Shilling feels the pressure as trade deficit rises 59pc

CARGO

Cargo containers await clearance at the Mombasa port. Trade deficit has increased on high import bill. PHOTO | FILE

The gap between Kenya’s imports and exports widened a massive 59 per cent or Sh37.7 billion in the first quarter of the year, explaining the significant depreciation of the shilling.

The Kenya National Bureau of Statistics (KNBS) reported the gap, also known as the current account deficit, stood at Sh101.5 billion, up from Sh63.7 billion recorded in the same quarter last year. Much of the exports pertain to the standard gauge railway construction.

In the meantime, Central Bank of Kenya data shows the shilling has depreciated by 8.9 per cent since the beginning of the year, underlining the extent to which the current account deficit is weighing down on the domestic currency.

“The deterioration in the current account balance was mainly occasioned by the increase in the import bill and the decline in the value of total exports in the same period. As a consequence, the current account balance recorded a deficit of Sh101.5 billion in the first quarter of 2015 compared to a deficit of Sh63.8 billion in the first quarter of 2014,” said the KNBS.

Simultaneously, the Kenya shilling has weakened to 99.88 units as of last Friday’s opening of the forex market compared to a 90.65 units at the beginning of the year. To obtain a dollar, forex buyers have to pay Sh9 more than they did at the start of the year.

Citigroup Global Markets, the investment banking of the Citibank, said in its latest commentary on the foreign exchange markets that the shilling would remain under siege in the third quarter of this year, owing largely to the large current account deficit.

“Kenya’s wide current account deficit has been weighing on the local currency and appears set to continue to do so in 3Q 2015,” said Citi.

Citi said the increase in government spending by nearly 25 per cent this fiscal year compared to last year would likely result in increased imports, thereby keeping the deficit high and the shilling weak.

“Rising government expenditure will probably keep imports elevated, the trade deficit wide and the shilling on the back foot,” said Citi.

The value of the local currency is expected to rank high in the agenda of the members of the Central Bank of Kenya’s Monetary Policy Committee when they meet Tuesday to determine the policy rate.

READ: Treasury bets on foreign investors to bridge balance of trade gap

Razia Khan, the chief economist for Africa at StanChart Plc, said last Friday Kenya could push interest rates up if it becomes necessary rather than tap the Sh68 billion financing facility by the International Monetary Fund.

“A precautionary $688.3 million IMF financing facility is unlikely to be tapped, except in the event of an external shock.

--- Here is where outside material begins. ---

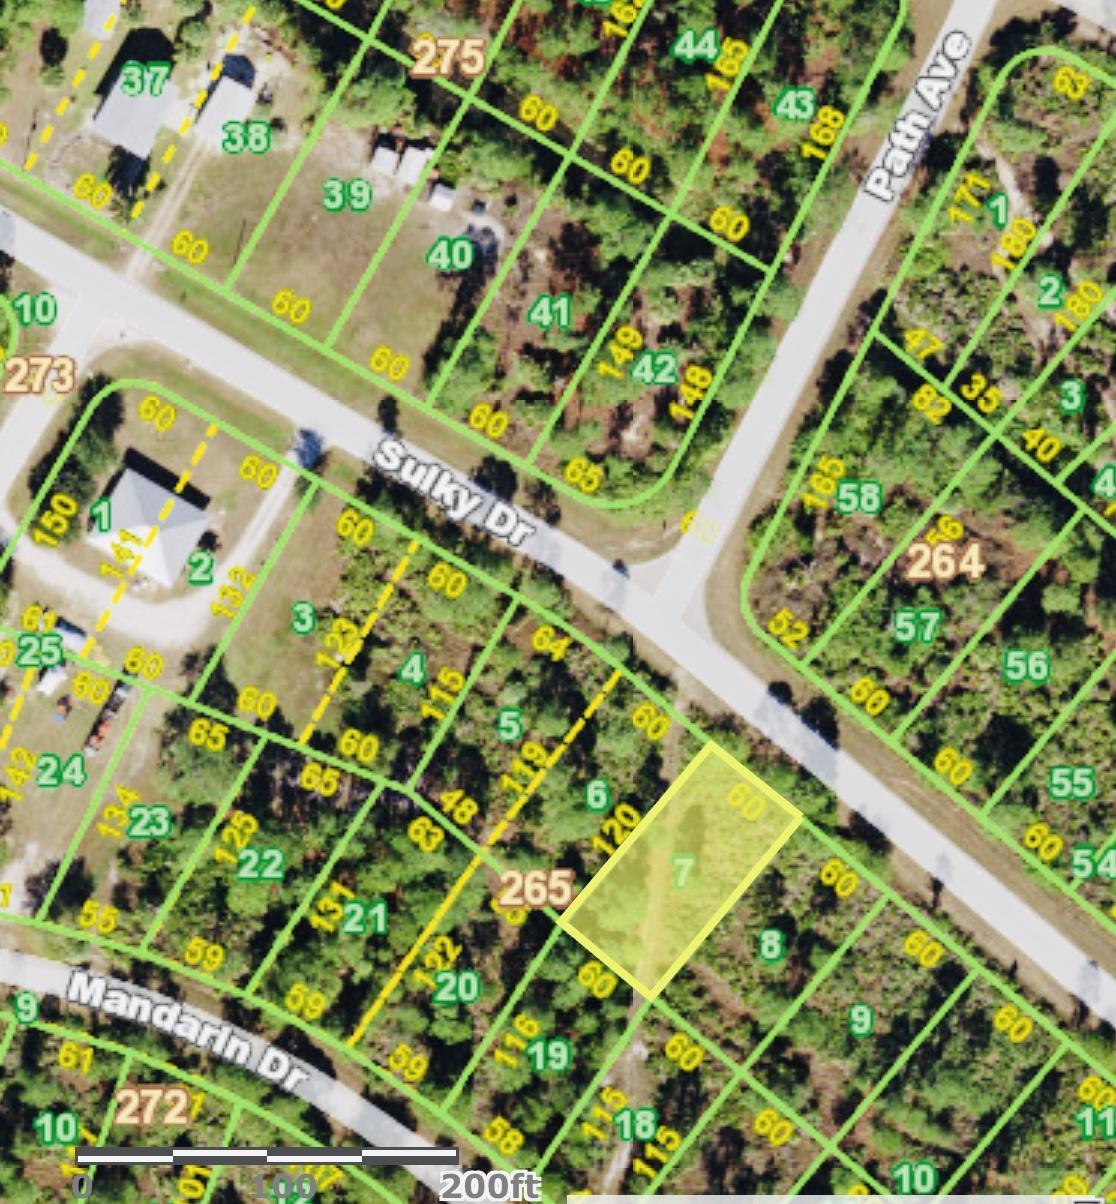 13529 Sulky Drive, Punta Gorda, Florida 33955, ,C,Single family,Sulky,RX-10666987

Instead, we expect the central bank rate to be raised further, if it should become necessary to safeguard the Kenya shilling exchange rate,” said Ms Khan.

Citi investment bankers said Kenya’s foreign exchange rate situation would also be affected by the depreciation of the Ugandan shilling, which has also weakened significantly since the start of the year.

Due to the high value of trade between Kenya and Uganda, the currencies move in the same direction in relation to the dollar, the Citi analysts said.

“Recent Uganda shilling weakness and a bleak outlook for this currency in the second half of 2015 might point to limited scope for Kenya shilling appreciation as the dollar-Uganda shilling and dollar-Kenyan shilling exchange rates tend to be highly correlated,” said Citi analysts.